It was the time of the rainy season, and a portion of the wall had fallen from the enclosure just in front. So Yoo climbed over this broken wall, and, not knowing where he went, found himself suddenly in the royal quarters. It was a beautiful park, with trees, and lakes, and walks. “Whose house is this,” thought Yoo, “with its beautiful garden?” Suddenly a man appeared, with a nice new cap on his head, carrying a staff in his hand, and accompanied by a servant, walking slowly towards him. It was no other than King Se-jong, taking a stroll in the moonlight with one of his eunuchs.

When they met Yoo had no idea that it was the King. His Majesty asked, “Who are you, and how did you get in here?”

He told who he was, and how he had agreed to come in with the secretary; how the secretary had failed; how the gates were shut and he was a prisoner for the night; how he had seen the bright moonlight and wished to walk out, and, finding the broken wall, had come over. “Whose house is this, anyway?” asked Yoo.

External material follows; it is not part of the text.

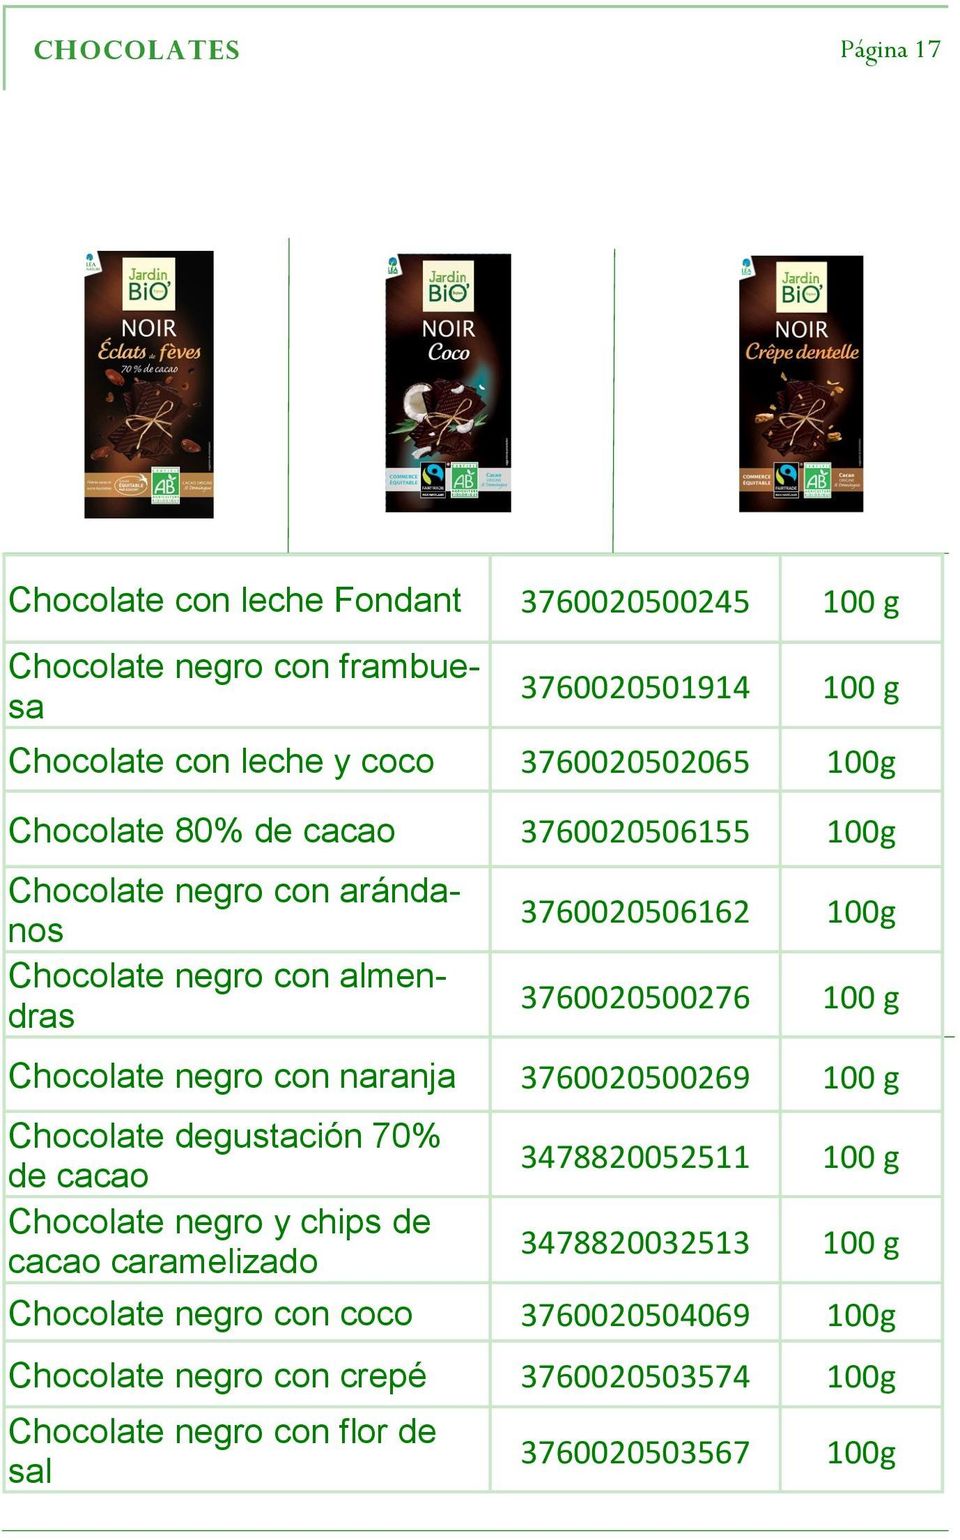 100 g Chocolate negro con naranja 3760020500269 100 g Chocolate degustación 70% de cacao Chocolate negro y chips de cacao caramelizado 3478820052511 100

The King replied, “I am the master of this house.” His Majesty then asked him in, and made him sit down on a mat beside him. So they talked and chatted together. The King learned that he had passed special examinations in the classics, and inquiring how it was that Yoo had had no better office, Yoo replied that he was an unknown countryman, that his family had no influence, and that, while he desired office, he was forestalled by the powerful families of the capital. “Who is there,” he asked, “that would bother himself about me? Thus all my hopes have failed, and I have just decided to leave the city and go back home and live out my days there.”

The King asked again, “You know the classics so well, do you know something also of the Book of Changes?”

He replied, “The deeper parts I do not know, but the easier parts only.”

Then the King ordered a eunuch to bring the Book of Changes. It was the time when his Majesty was reading it for himself. The book was brought and opened in the moonlight. The King looked up a part that had given him special difficulty, and this the stranger explained character by character, giving the meaning with convincing clearness. The King was delighted and wondered greatly, and so they read together all through the night. When they separated the King said, “You have all this knowledge and yet have never been made use of? Alas, for my country!” said he, sighing.

Yoo remarked that he would like to go straight home now, if the master would kindly open the door for him.

The King said, however, that it was too early yet, and that he might be arrested by the guards who were about. “Go then,” said he, “to where you were, and when it is broad daylight you can go through the open gate.”

Yoo then bade good-bye, and went back over the broken wall to his corner in the secretary’s room. When morning came he went out through the main gateway and returned to his home.